15 comments on “Think Global: Buy Local

  1. lindaswildlifegarden
    April 17, 2014

    Awesome post and thank you for sharing


  2. The Crazy Crone
    April 17, 2014

    Very little is imported here in North Cyprus – mangoes and bananas are the exception. Everything’s seasonal and pretty much grown locally or imported from Turkey. The fruit and vegies are fresh and plentiful when they’re in season – currently we’re snowed under with strawberries. Oranges and lemons grow in abundance, wild asparagus have just finished their season. And here you actually buy spuds unpackaged with dirt on!


    • lizard100
      April 17, 2014

      I seem to remember being jealous a month ago if the produce you had access to then. In France they also have French grown stuff. You’re very lucky!


  3. silverbells2012
    April 17, 2014

    About when does asparagus appear through the ground? This is my first year of growing it, so I’m a bit in the dark.

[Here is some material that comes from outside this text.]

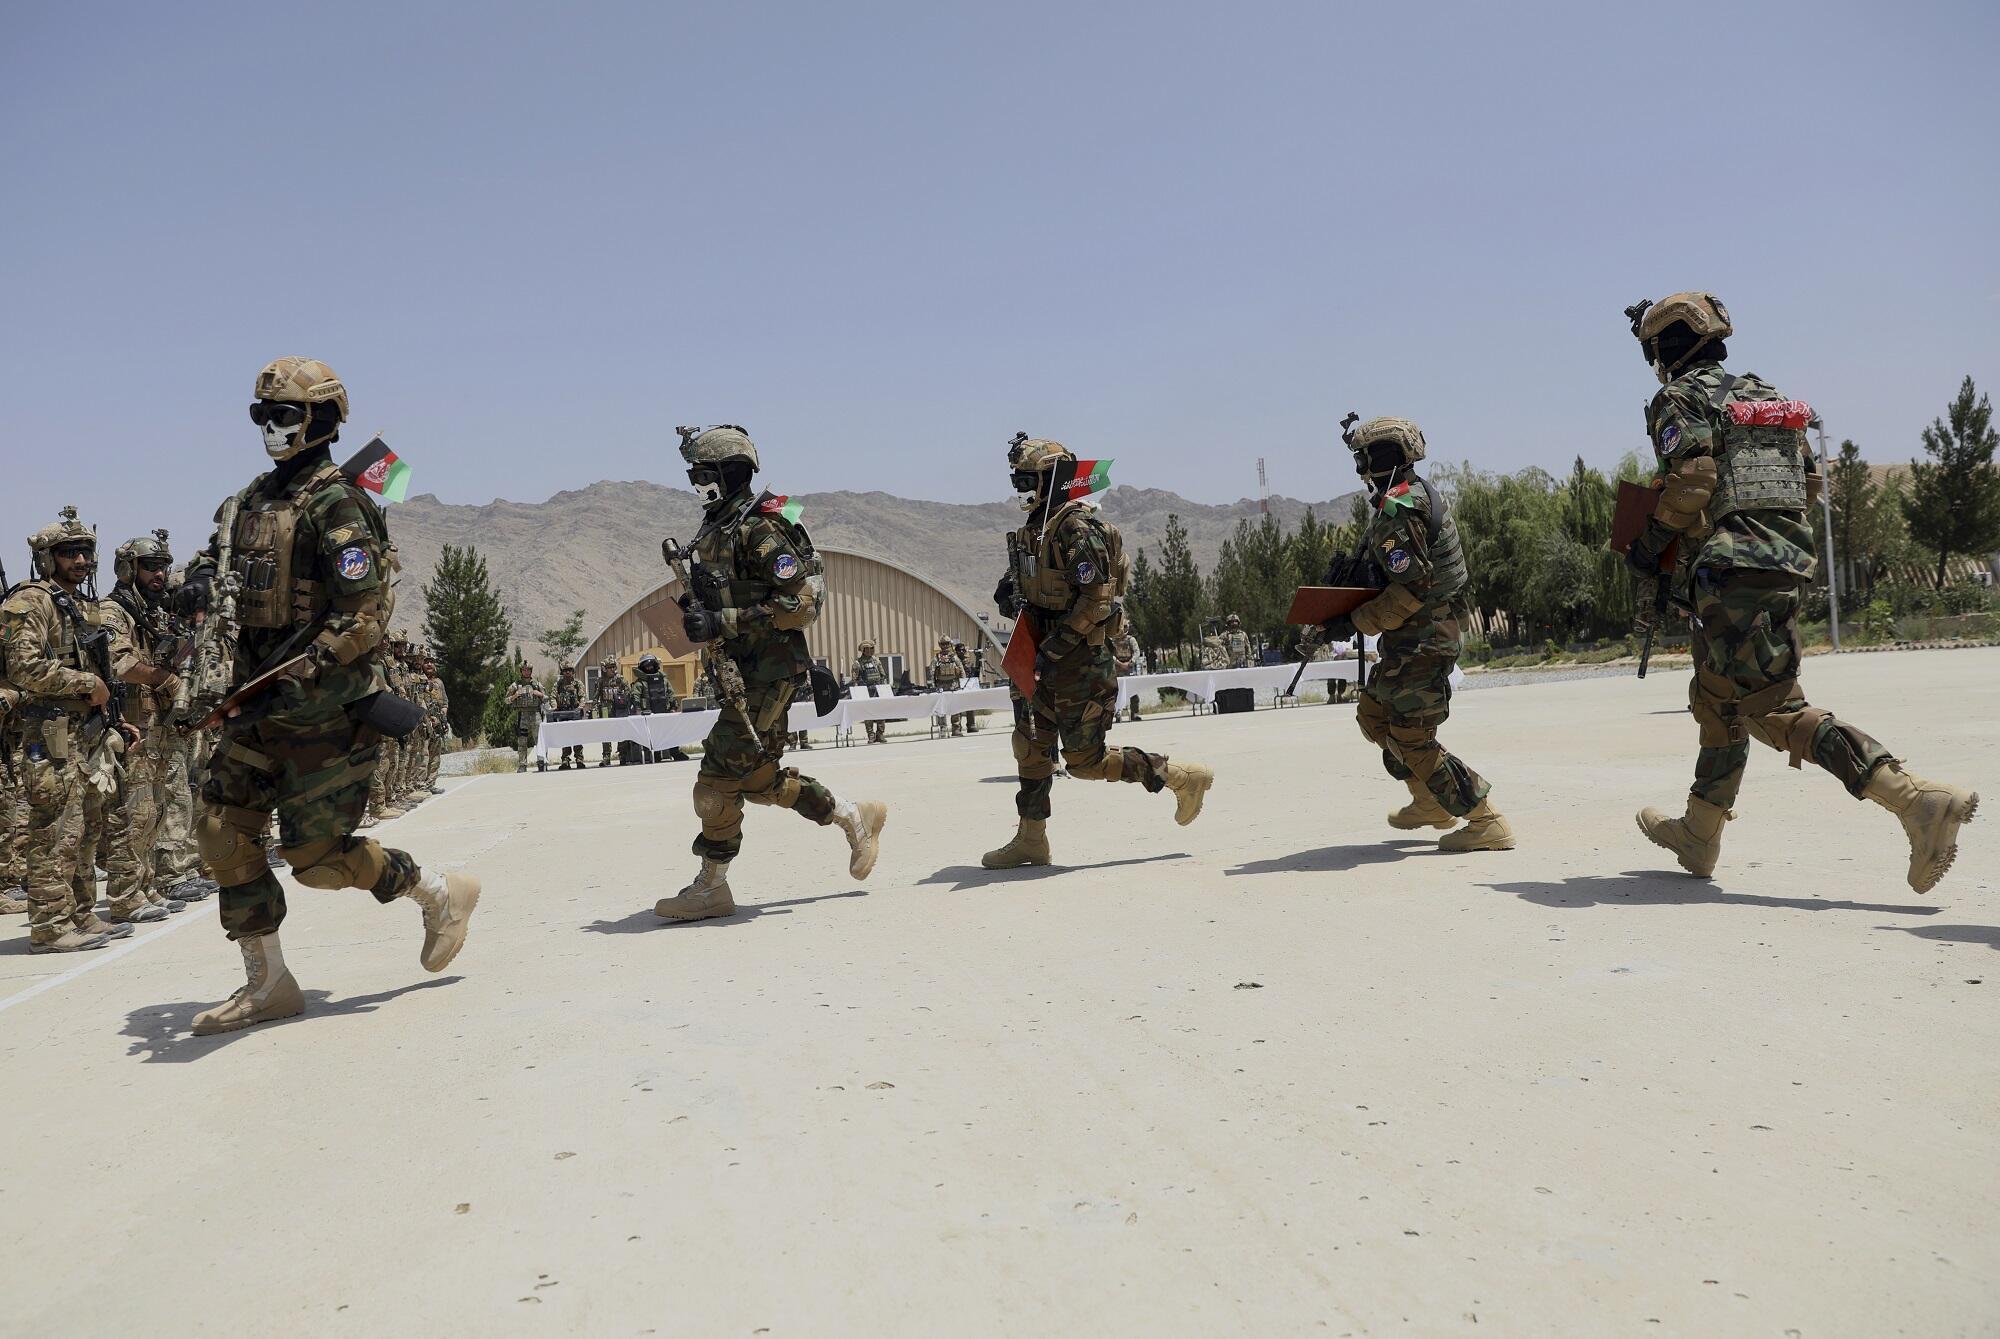 Afganistan fuerzas especiales

    I think people buy out of season from around the world because they’ve been conditioned to do so. And they have the choice. If you stop going to supermarkets (or any outlets which buy from non-local sources), though, your choices change….


    • lizard100
      April 17, 2014

      Very true. The asparagus should start any day now. If you started this year then you may only see fairly narrow spears to begin with. They’re like mini asparagus spears. But some varieties start fairly strong. It’s very awe inspiring when you spot one.


      • silverbells2012
        April 17, 2014

        I planted them in December, so probably not going to see too much this year. Hope I can distinguish them from the weeds, though of course I won’t actually be picking any this year.


      • lizard100
        April 17, 2014

        You might not see much. They are also like tiny fronds when they get started.


      • silverbells2012
        April 18, 2014

        Well, it will be interesting to see!


      • lizard100
        April 18, 2014



  4. tootlepedal
    April 17, 2014

    We grew and enjoyed asparagus a lot but it doesn’t last and takes up a lot of room so Mrs Tootlepedal let it go.


  5. Rambling Woods
    April 19, 2014

    I haven’t had a veg garden for years… Every neighbor had chemicals sprayed that blew into our yard…. We stopped trying…


    • lizard100
      April 19, 2014

      That’s terrible! The allotment has rules about being organic. Thankfully the ones each side of us are but some others look dubious to me.